Let us consider next another lesson about meaning to be learned from the specification. In the quotation above from column 8, in the opening sentence the drafter of the specification exhibits a clear consciousness of the distinction between “preformed right-angle corner pieces” and those made by mitering and placing at right angles two short pieces of linear border pieces. Claim 1 does not contain the limiting word “preformed” yet the majority, without justification, is reading it into the claim in holding that the claim does not cover corner pieces which are made up as clearly described in the specification.
I also point out that the term “right-angle” is not a limitation to preformed unitary pieces since the specification makes clear that the made-up variety of corners are also right-angle corner pieces when assembled.

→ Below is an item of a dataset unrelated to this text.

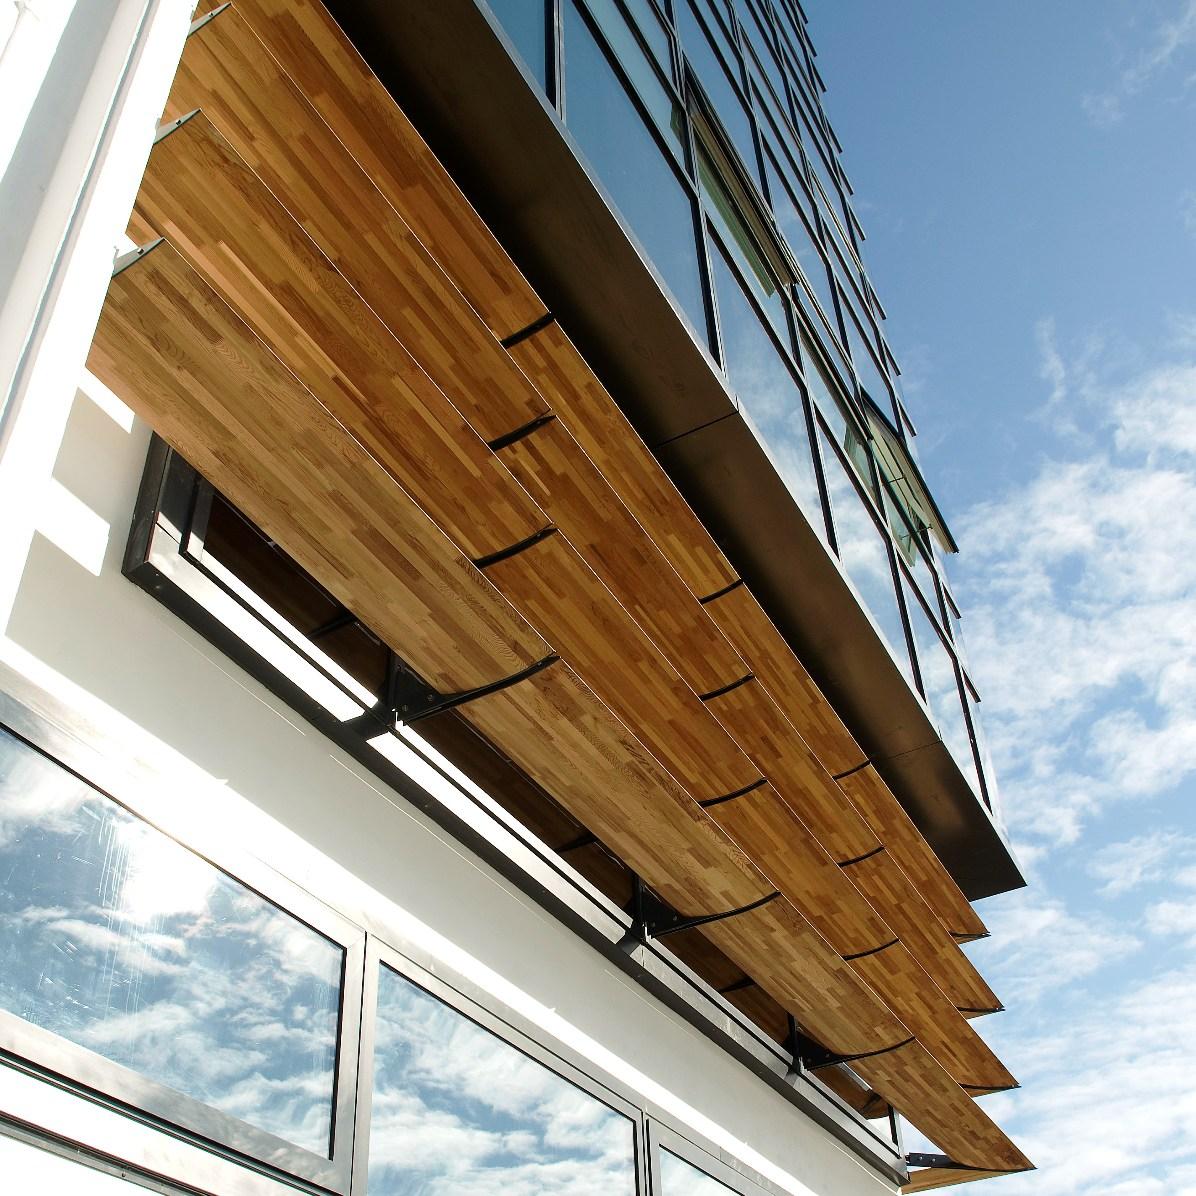 aluminium fins on contemporary structure
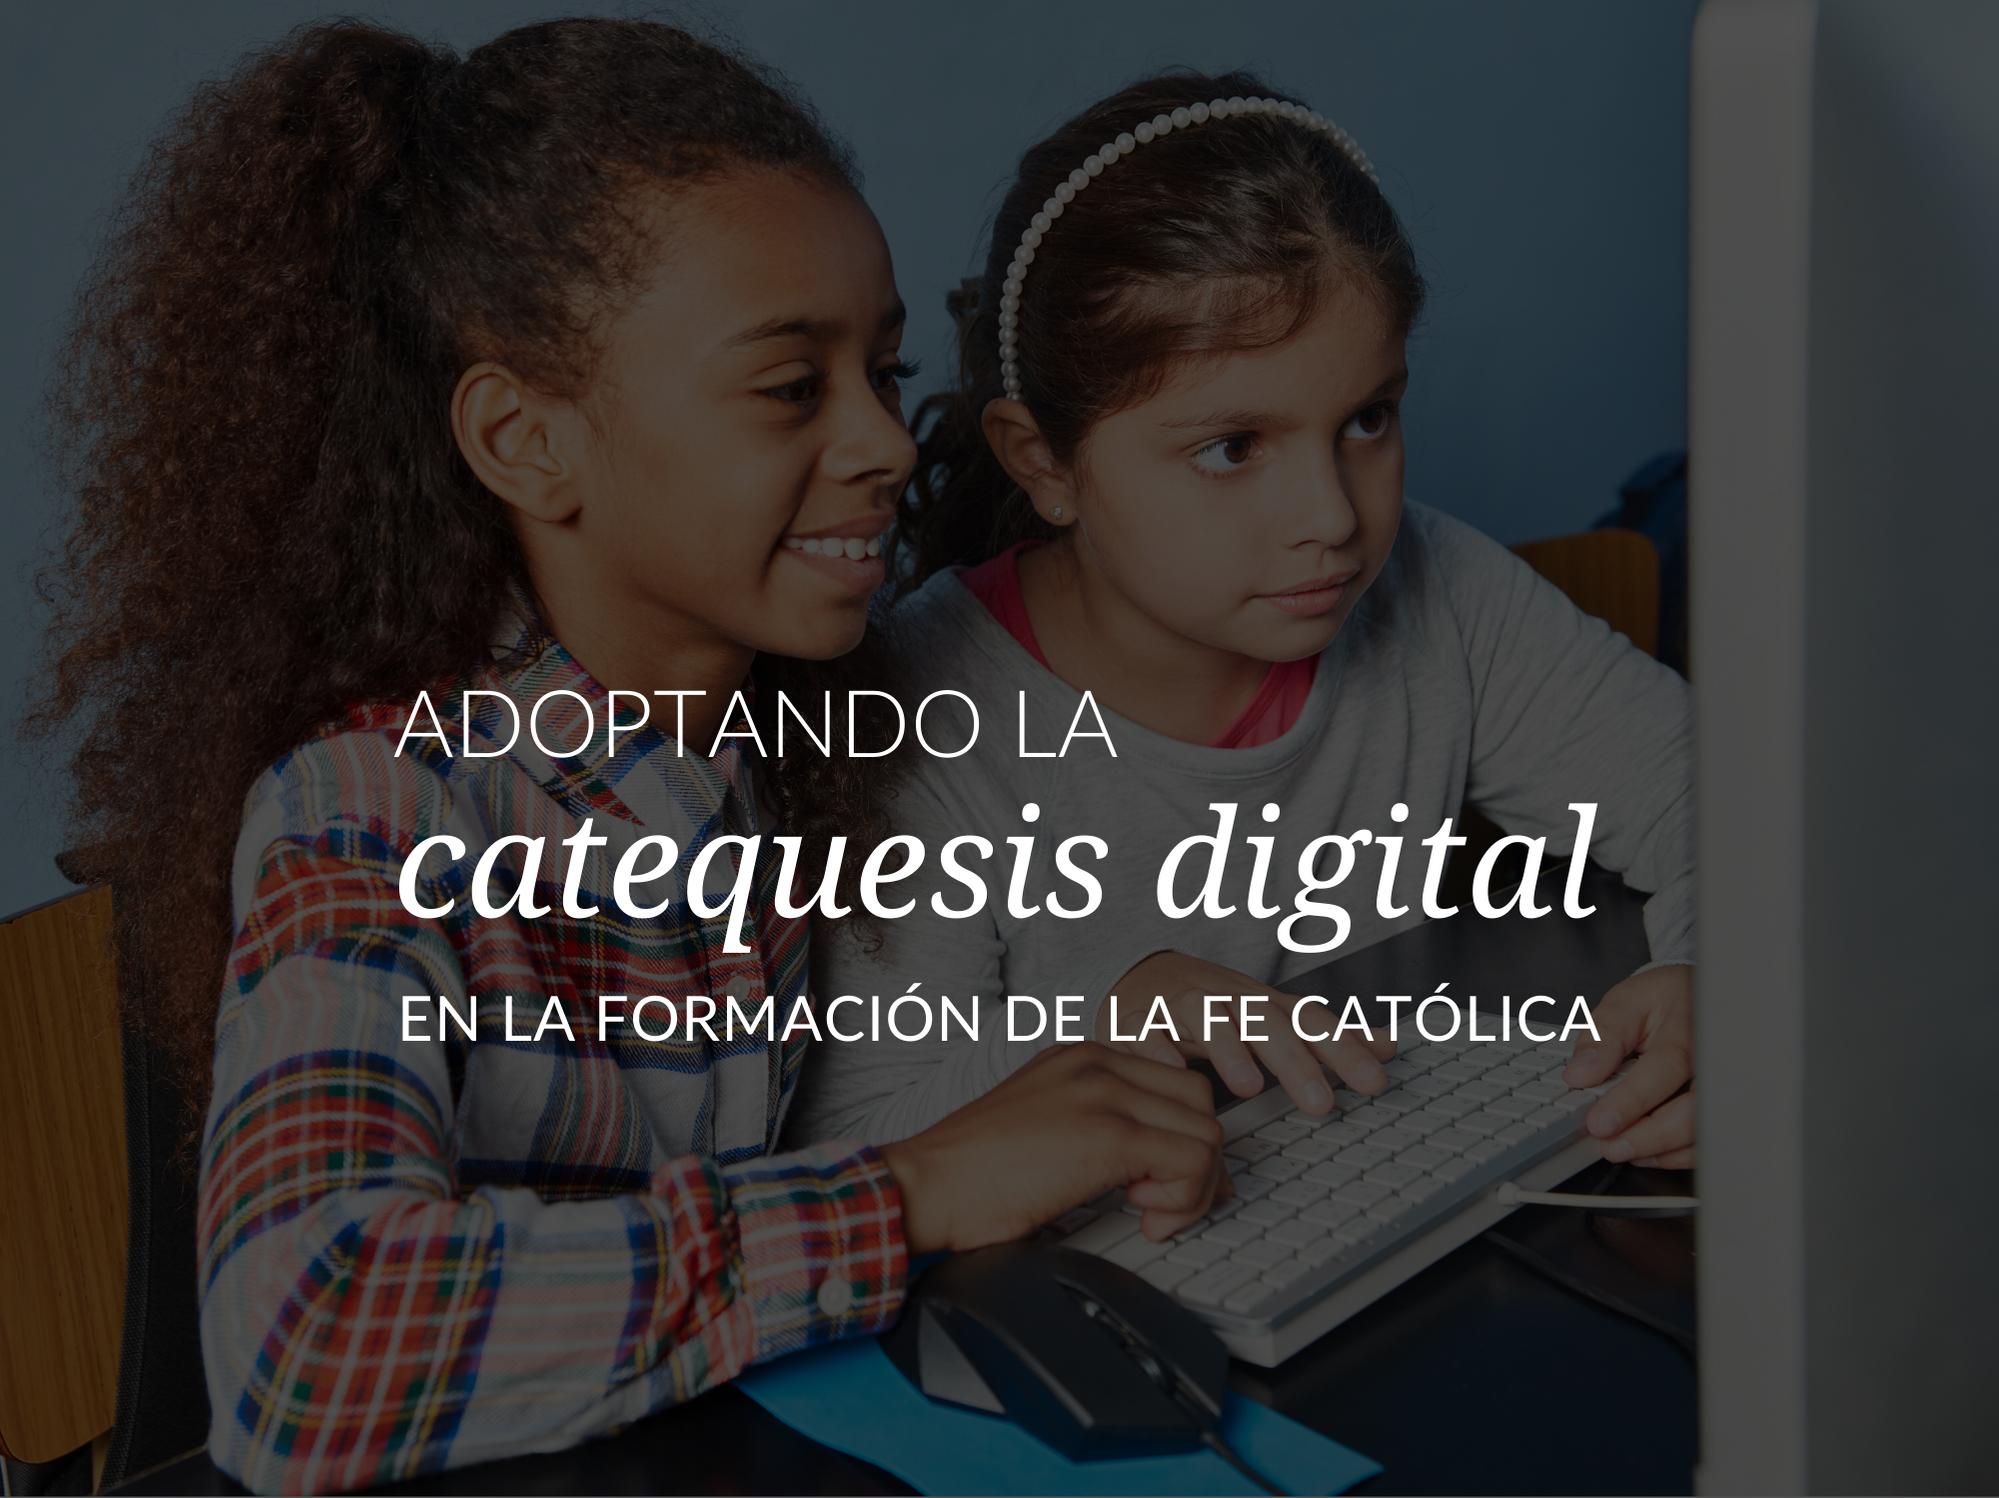 Adoptando la catequesis digital en la formación de la fe católica

The majority’s argument based on alleged violation of the “all elements” rule is untenable. It overlooks the fact that the teaching in the specification is clear about making “corner pieces” by using two “short linear border pieces” (my emphasis) and then using such “improvised” corner pieces in conjunction with linear pieces to make the complete wall frame. Of course, it is the all-elements rule on which the defendants rely for non-infringement, arguing that they have no “corner pieces” when in fact they have a type of corner piece which is disclosed and claimed as an element of the combination of claim 1. I am not “merging the two types of claim elements into one” — whatever that may mean. I am simply saying that the ele*1568ment defined in claim 1 as “right-angle corner border pieces” is, as clearly shown by the patent and its prosecution history, a limitation generic to two types of corner pieces disclosed in the patent which is broad enough to read on defendants’ structure because it is clearly not limited to “preformed” or “unitary” corner pieces, as held below and by the majority. That is the sum and substance of my position and it calls for reversal.
The prosecution history contains nothing contradictory to my position and much to support it, as shown above. I have not found any evidence to contradict it or to support the district court opinion which demonstrates a dismal failure to comprehend many patent law fundamentals and accepts, as established fact, opinion statements of defendants’ expert witness unsupported by the record. The reader should also be aware that the district judge made no separate “findings of fact.” He wrote a short, confused opinion which he concluded with the escape clause saying “The foregoing shall constitute the Findings of Fact and Conclusions of Law in accordance with Rule 54(b) [sic] of the Fed.R.Civ.P.”